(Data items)
=======

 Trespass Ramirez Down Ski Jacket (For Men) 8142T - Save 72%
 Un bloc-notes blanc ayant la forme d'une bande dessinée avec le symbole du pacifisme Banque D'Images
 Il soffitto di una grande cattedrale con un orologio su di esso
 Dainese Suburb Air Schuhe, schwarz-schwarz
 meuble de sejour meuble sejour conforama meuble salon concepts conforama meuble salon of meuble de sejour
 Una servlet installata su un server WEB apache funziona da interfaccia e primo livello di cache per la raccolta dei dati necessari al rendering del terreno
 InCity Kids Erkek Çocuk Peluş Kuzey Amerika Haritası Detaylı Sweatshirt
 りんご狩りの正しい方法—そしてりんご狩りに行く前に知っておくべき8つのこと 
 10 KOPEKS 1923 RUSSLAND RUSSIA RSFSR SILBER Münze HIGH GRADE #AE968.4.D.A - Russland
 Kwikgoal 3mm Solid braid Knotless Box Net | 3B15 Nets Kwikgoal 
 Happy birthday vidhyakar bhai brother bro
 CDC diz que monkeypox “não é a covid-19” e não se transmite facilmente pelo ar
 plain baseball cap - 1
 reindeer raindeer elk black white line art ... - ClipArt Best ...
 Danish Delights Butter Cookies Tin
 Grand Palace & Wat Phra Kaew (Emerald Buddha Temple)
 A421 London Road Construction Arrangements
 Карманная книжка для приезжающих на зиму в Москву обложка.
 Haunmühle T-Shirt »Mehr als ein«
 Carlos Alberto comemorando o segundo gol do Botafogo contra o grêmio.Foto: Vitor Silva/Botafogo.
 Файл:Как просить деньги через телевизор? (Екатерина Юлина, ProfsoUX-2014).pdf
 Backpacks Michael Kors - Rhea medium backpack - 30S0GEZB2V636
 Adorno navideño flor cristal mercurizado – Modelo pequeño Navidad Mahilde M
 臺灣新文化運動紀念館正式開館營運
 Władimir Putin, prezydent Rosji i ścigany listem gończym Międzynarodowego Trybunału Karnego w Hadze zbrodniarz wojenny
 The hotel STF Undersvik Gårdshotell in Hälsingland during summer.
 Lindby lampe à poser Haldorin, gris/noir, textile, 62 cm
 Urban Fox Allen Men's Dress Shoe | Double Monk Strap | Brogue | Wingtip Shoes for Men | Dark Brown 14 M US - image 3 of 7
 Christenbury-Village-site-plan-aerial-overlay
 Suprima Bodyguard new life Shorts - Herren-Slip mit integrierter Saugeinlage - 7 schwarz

=======

## [TASK DETAILS]
State how many lines of the data above contain the string "schwarz", and give no other words.

## [RESPONSE FOR THIS EXERCISE]
2